Emilio mostró pronto un carácter enérgico y afable que hizo que en los comienzos la pastelería tuviera buena aceptación. Desde sus comienzos fue divisa de la casa la seriedad de su propietario, su puntualidad y buen trato. De él dijo Don Benito Pérez Galdós que Lhardy vino a Madrid a «poner corbata blanca a los bollos detahona». Fueron populares sus petit-choux, los éclairs, las mille-feuilles y de igual forma los brioches ycroissants.

Famoso también es su caldo, servido en samovar, y que lleva calentando a los madrileños en los frío días de invierno desde 1885. Hasta una forma de preparar el lenguado lleva su nombre “Lenguado a la Lhardy”, y célebres también son sus inimitables callos a la madrileña y su cocido madrileño servido a los tres vuelcos.

Naturalmente, estos manjares tienen su precio y, ya desde finales del XIX corrían por las calles de Madrid quintillas satíricas sobre el tema, como esta de Manuel del Palacio y Gil Blas.

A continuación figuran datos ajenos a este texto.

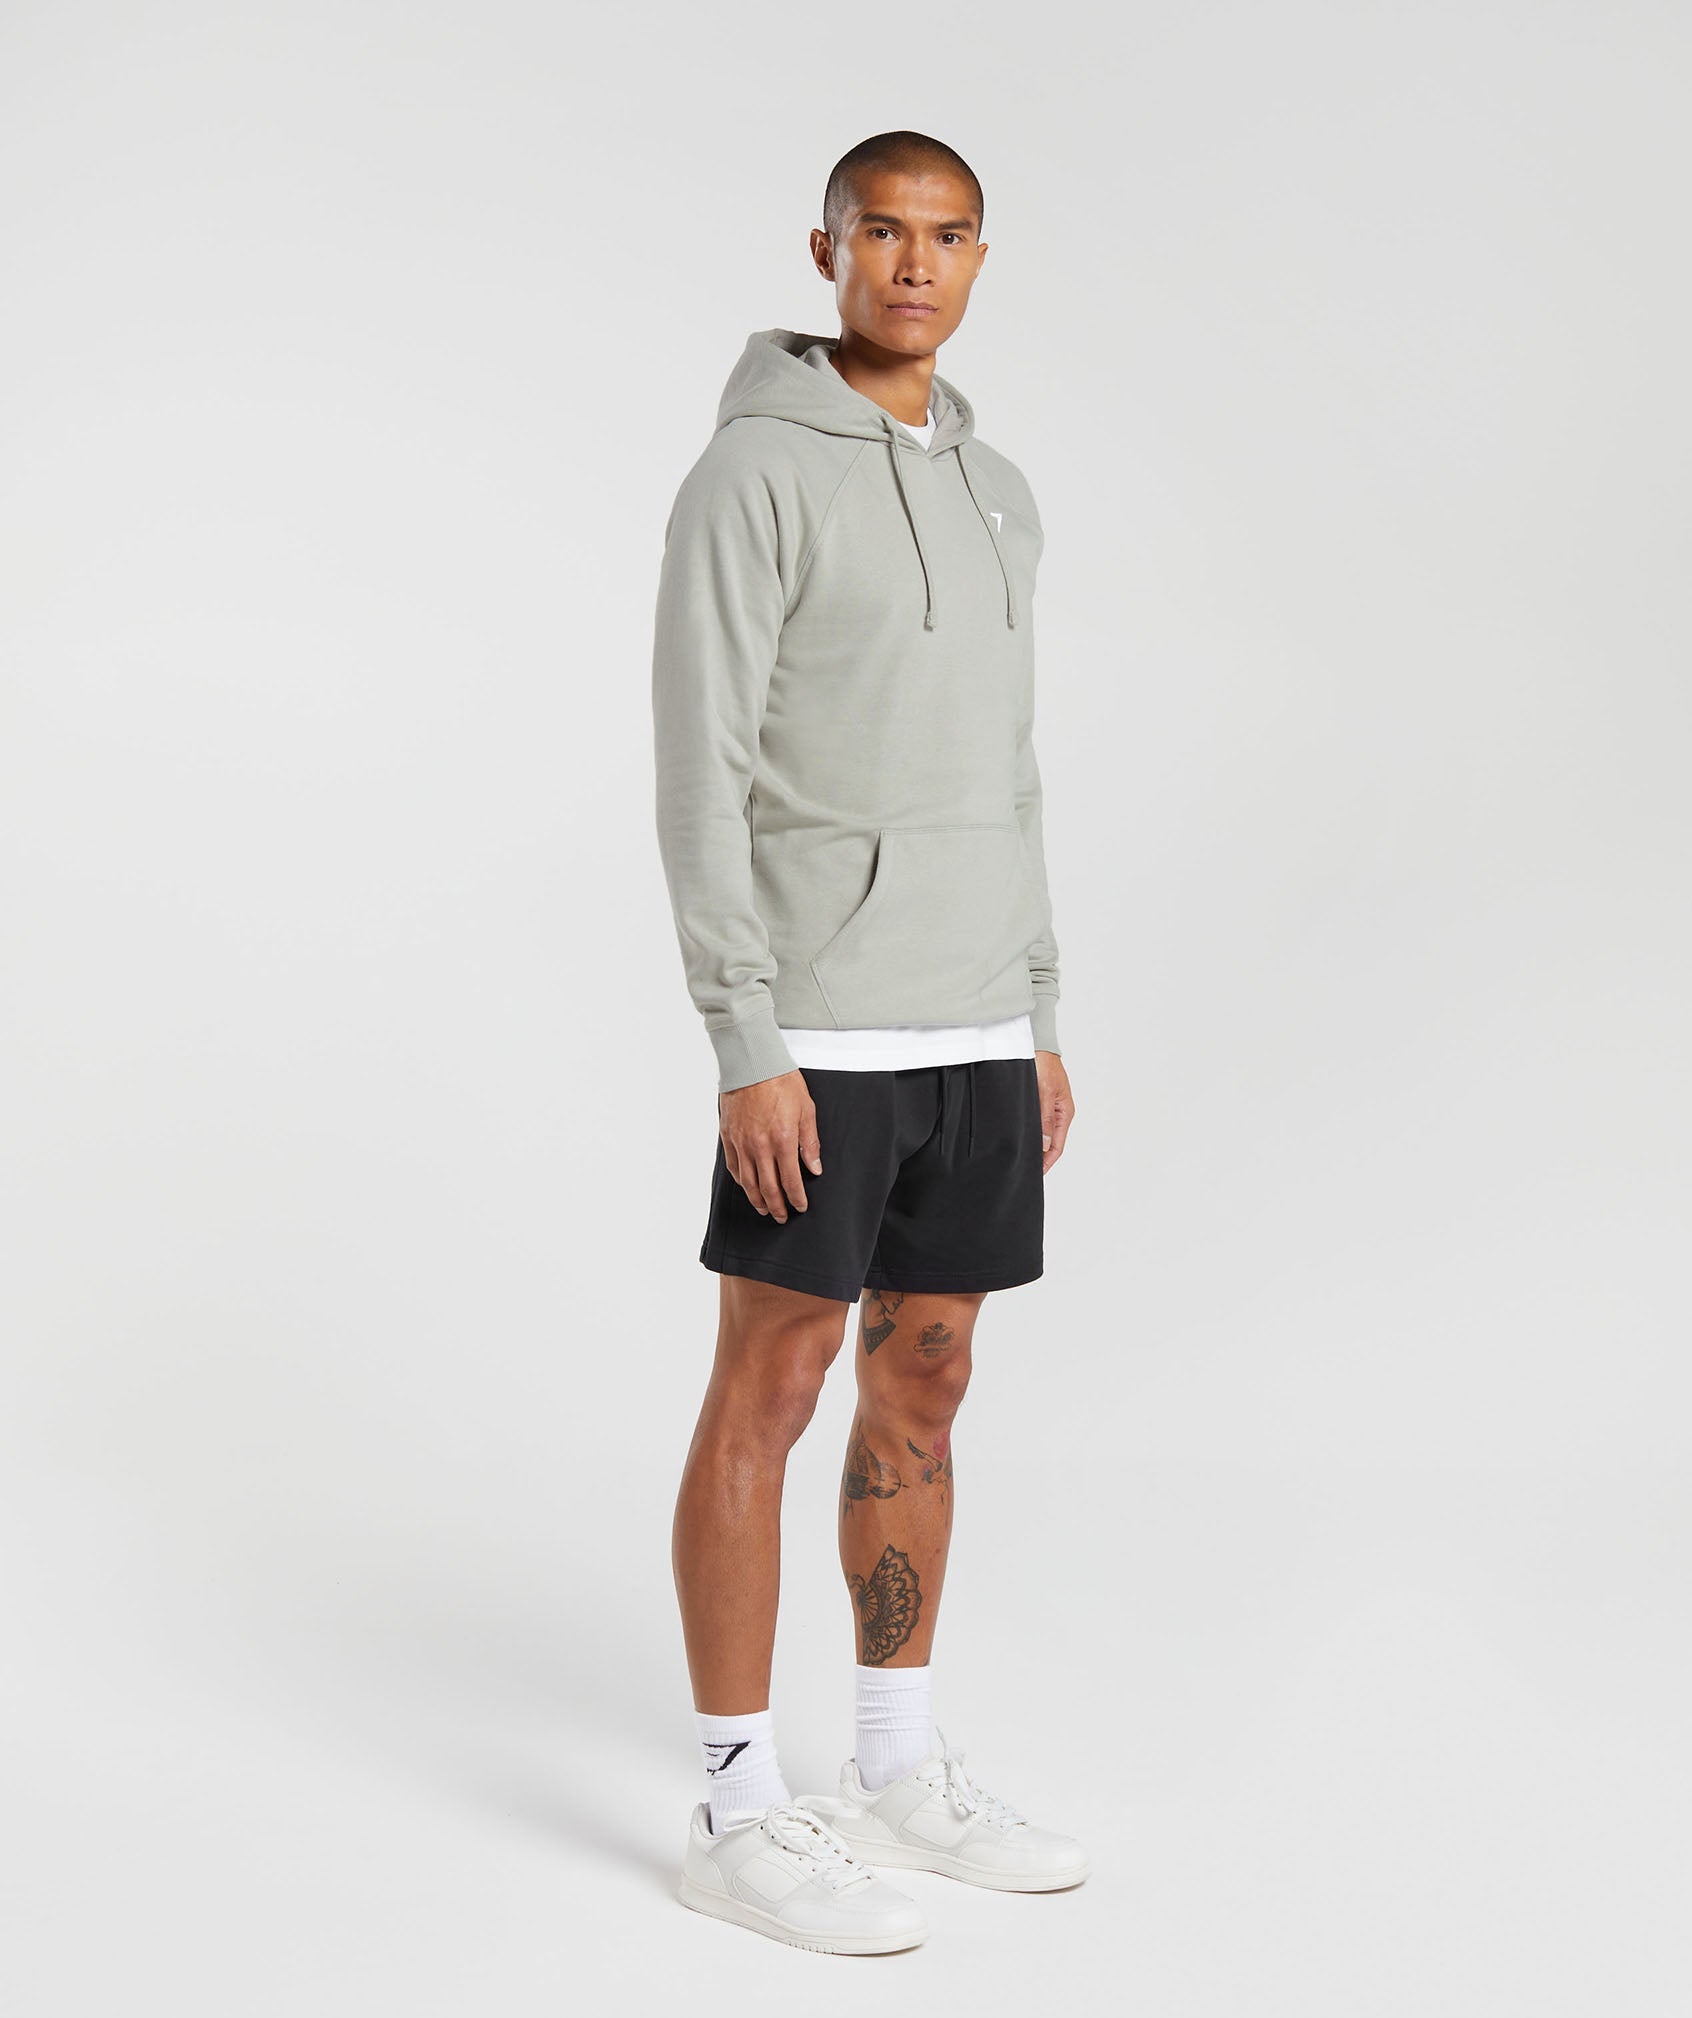 Crest Hoodie in Stone Grey - view 4

El que en su tienda repara

en apetito se enciende

y la vista no separa;

por eso lo que nos vende

cuesta un ojo de la cara.

Desde comienzos del siglo XX, Lhardy cambia de dueño, primero al hijo de Emilio, Agustín Lhardy, y después a la nieta de aquél, pero siempre manteniéndose fiel al estilo clásico que le ha caracterizado desde su apertura allá por 1839.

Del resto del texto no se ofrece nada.